-- RECORDED INFORMATION follows --

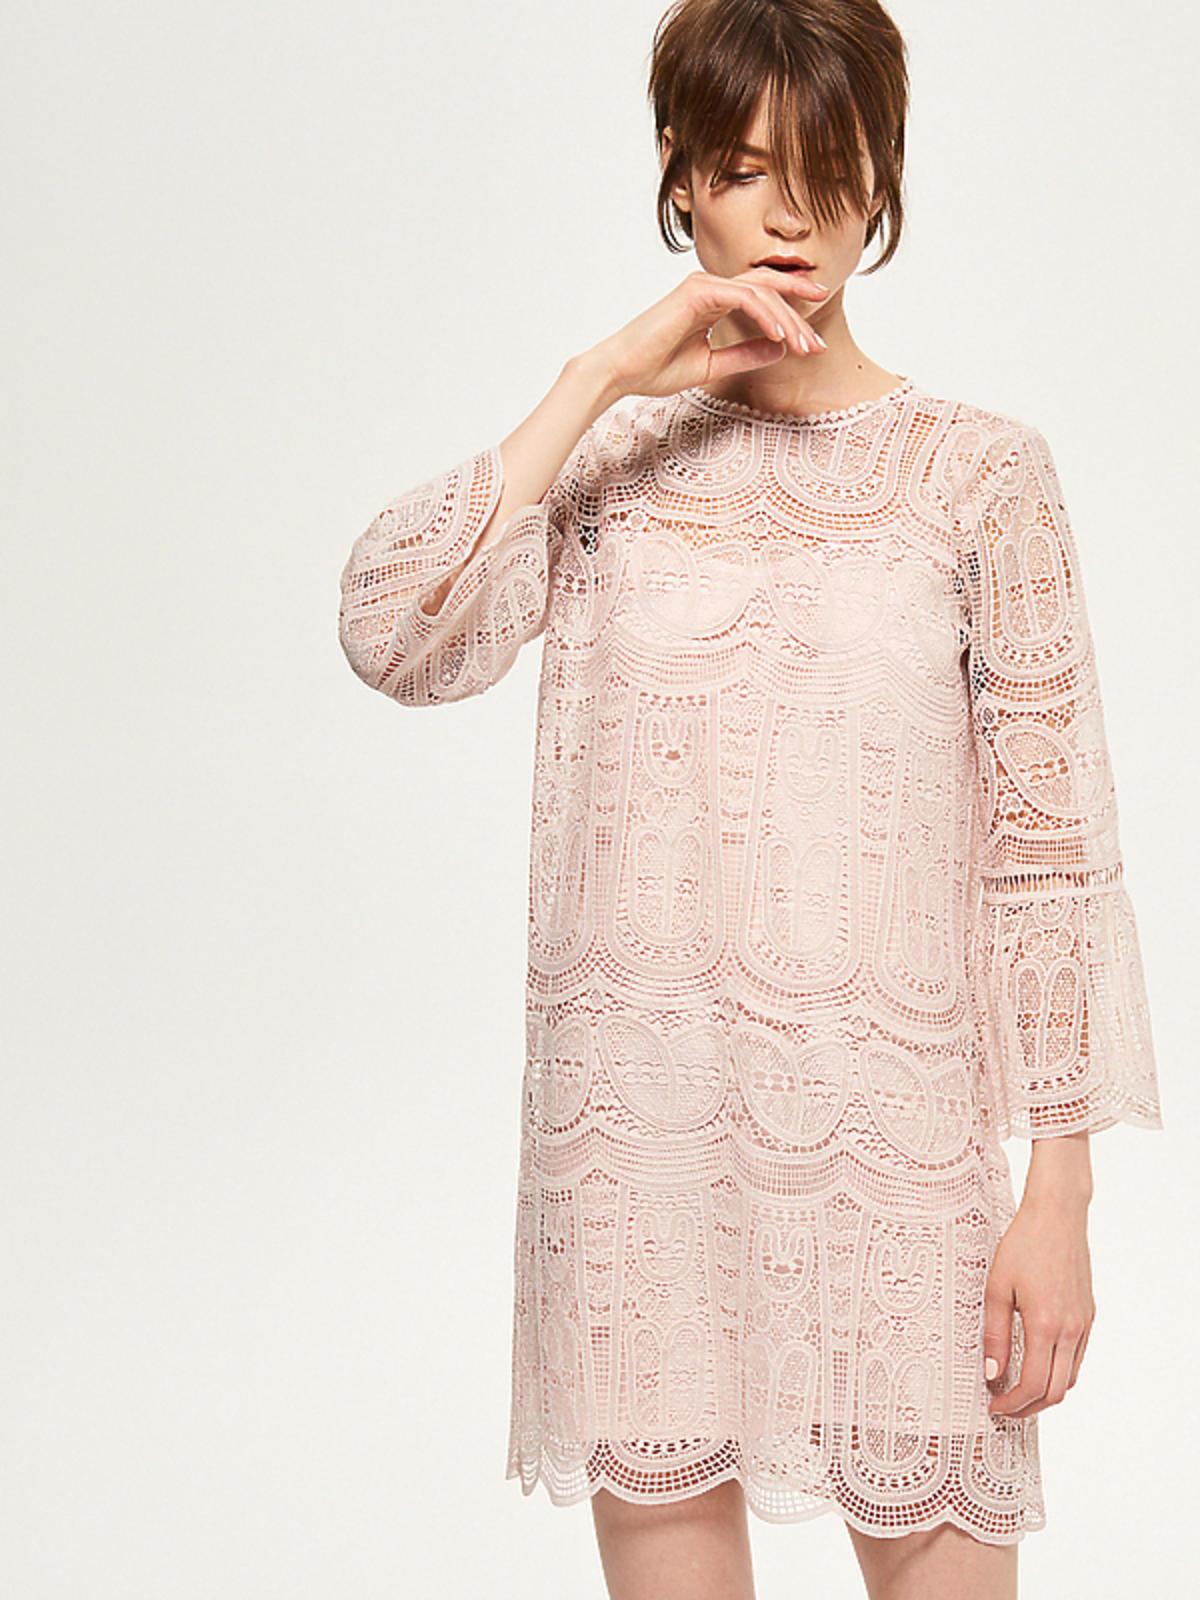 Jasnoróżowa, koronkowa sukienka, Reserved, 99,99 zł (ze 169,99 zł)
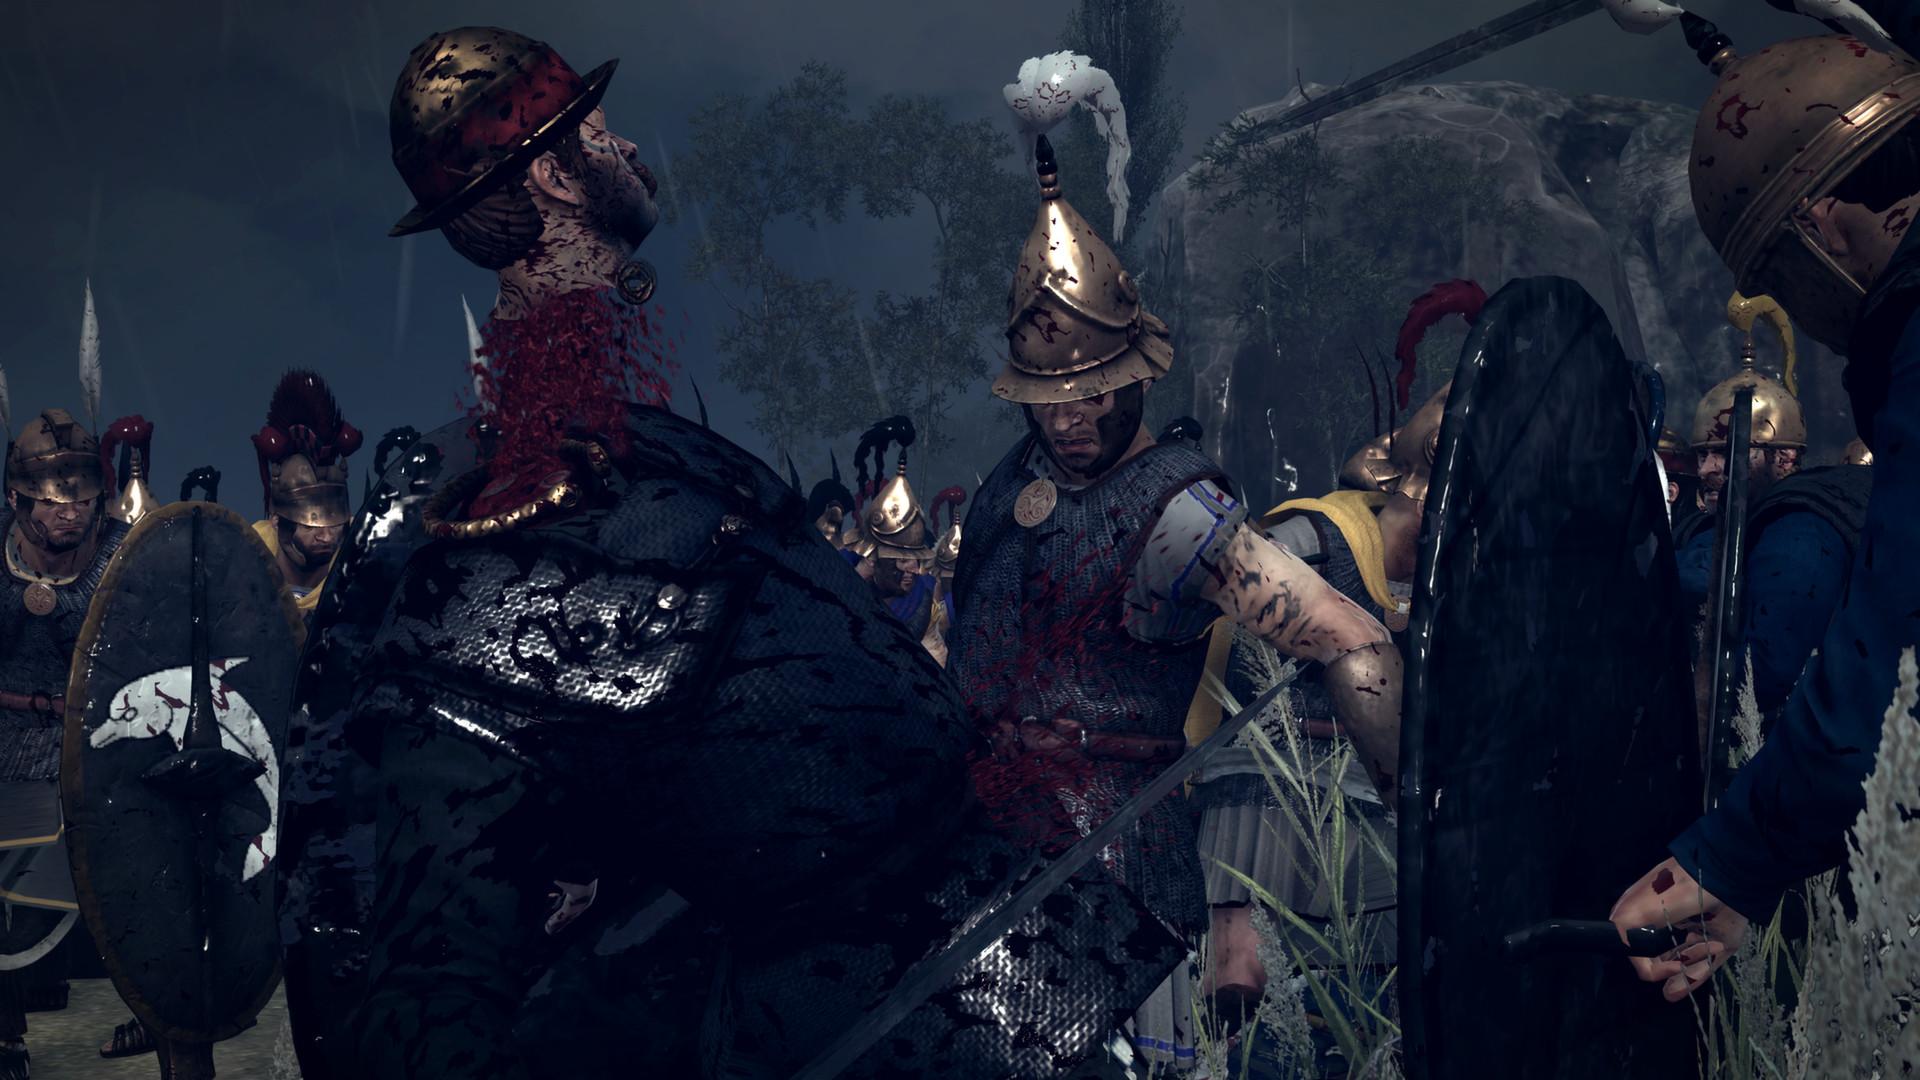 Krev, useknuté hlavy a končetiny v Total War: Rome 2 díky novému DLC 89483
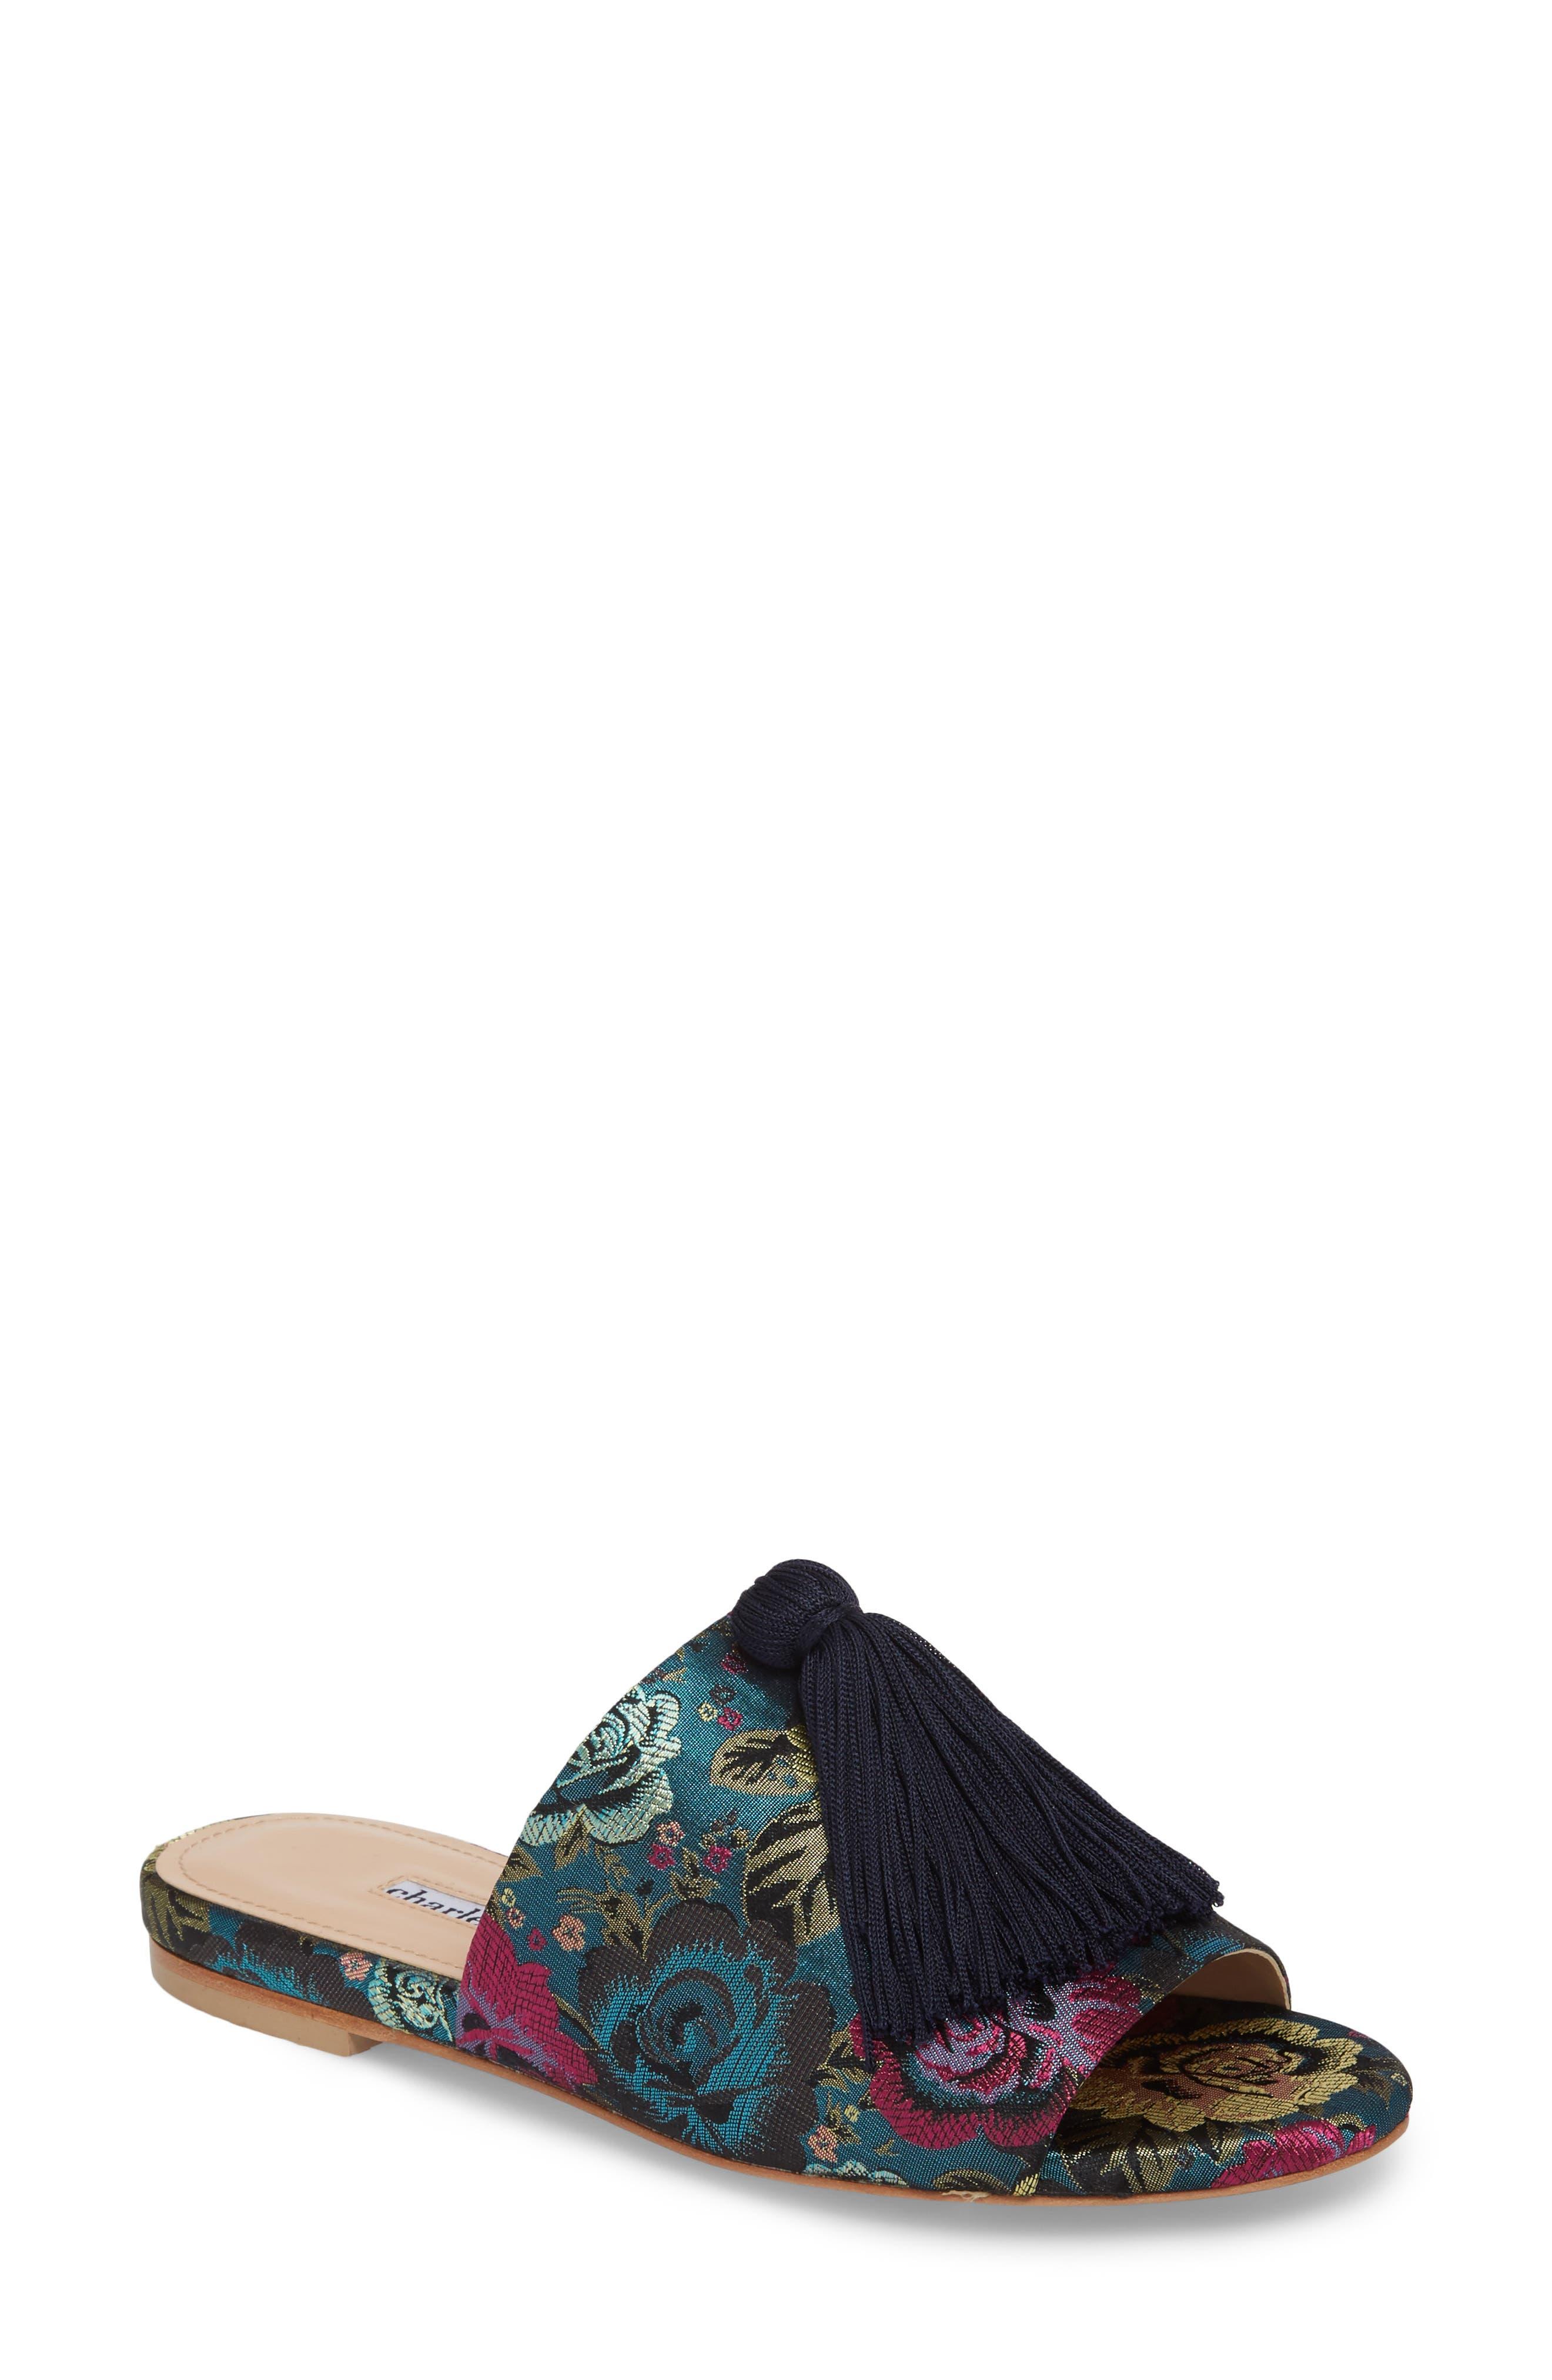 Charles David Sashay Tasseled Slide Sandal, Blue

-- RECORDED INFORMATION concluded --

WHAT YOU NEED TO DO: Above is a listing with pictures. Write it out exactly without them.

EXERCISE RESULT:
 Jasnoróżowa, koronkowa sukienka, Reserved, 99,99 zł (ze 169,99 zł)
 Krev, useknuté hlavy a končetiny v Total War: Rome 2 díky novému DLC 89483
 Charles David Sashay Tasseled Slide Sandal, Blue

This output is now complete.